I was thinking about that:
Suppose we have two polynomial rings over an arbitrary field $K$, $R=K[x_1,...,x_n]$ and $S=K[y_1,...,y_c]$, and $T=[x_1,...,x_n,y_1,...,y_c]$.
Now let $I$ be an ideal in $R$ and $g=(g_1,...,g_c)$ a list of polynomials in $R$.
Consider the map $r:T\longrightarrow R/I$ which maps $x_i\mapsto\bar{x_i}$ and $y_j\mapsto\bar{g_j}$.
I think $\ker(r)$ is $IT+(y_1-g_1,...,y_c-g_c)$, but I can't prove the inclusion "$\subseteq$".
Any suggestion please?
I add some details to be more precise:
1) The bar over an element means the class in the quotient.
2) Indices $j$ and $i$ runs over $1,...,c$ and $1,...,n$, respectively.
3) $IT$ is the extension of the ideal $I$ in the ring $T$ (which contains $R$).
I have tried to decompose the map $r$ as the composition of $\pi$, the projection in the quotient $R/I$, and the map $r{'}$ which maps $x_i\mapsto x_i$ and $y_i\mapsto g_i$, so I get $F\in\ker(\pi\circ r_1)$ iff $r_1(F)\in I$, but I don't know how to prove this fact.

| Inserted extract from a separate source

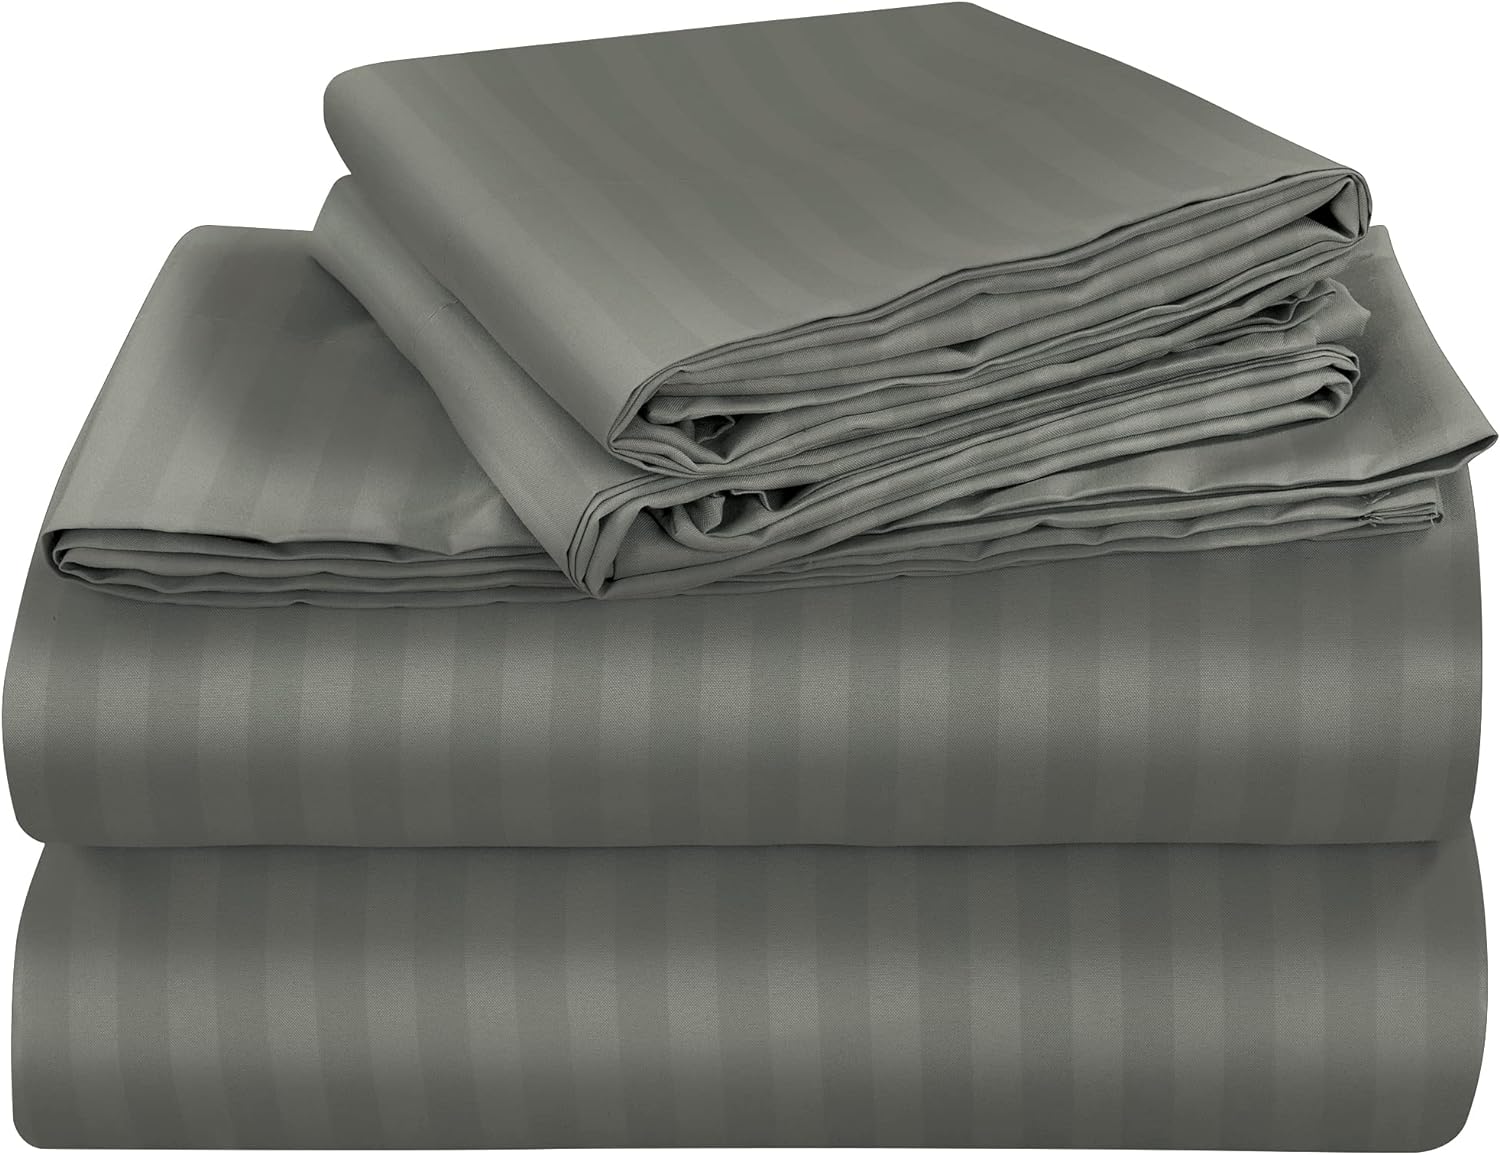 ROYALE LINENS Striped Bed Sheet Set - Brushed Microfiber 1800 Bedding - 1 Fitted Sheet, 1 Flat Sheet, 2 Pillow Case - Wrinkle & Fade Resistant - 4 Piece Damask Stripe Queen Bed Sheet Set (Queen, Grey)
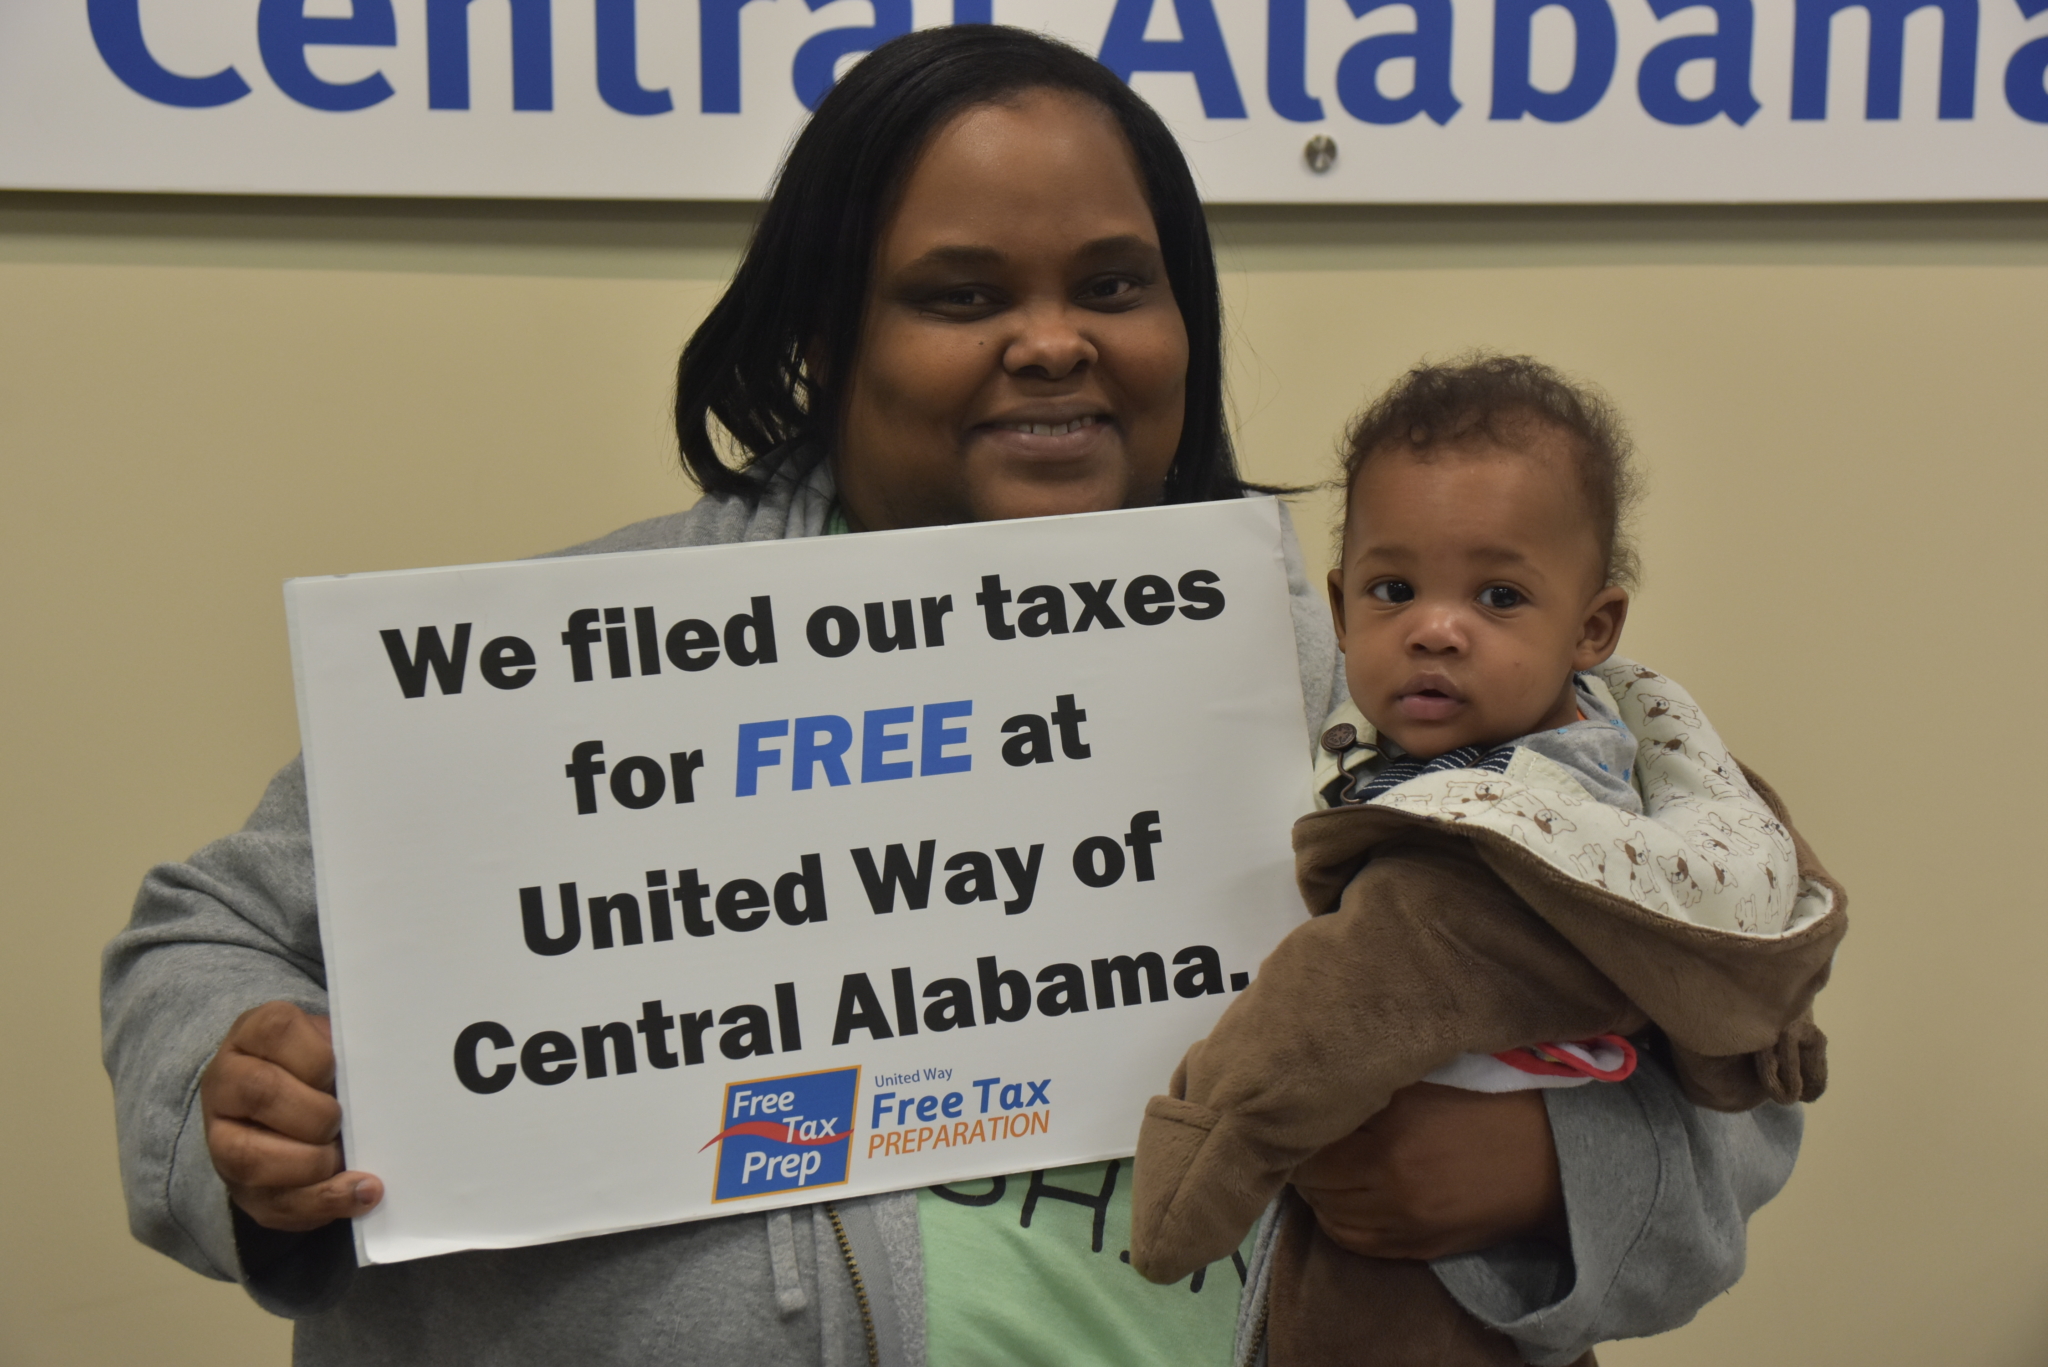 United Way Taxes 2 Did you know United Way offers FREE tax assistance? Make life easier with only a few steps

The problem is that I don't know how to prove $r_1(F) \in I$ iff $F$ is $0$ or $F\in IT$. I know that $\ker(r_1)$ is $(y_1-g_1,...,y_c-g_c)$.
If you are given an element in the kernel you can try to use the Euclidean algorithm to split of multiples of $y_j-g_j$ in order to reduce to the case where your element actually lies in $R$.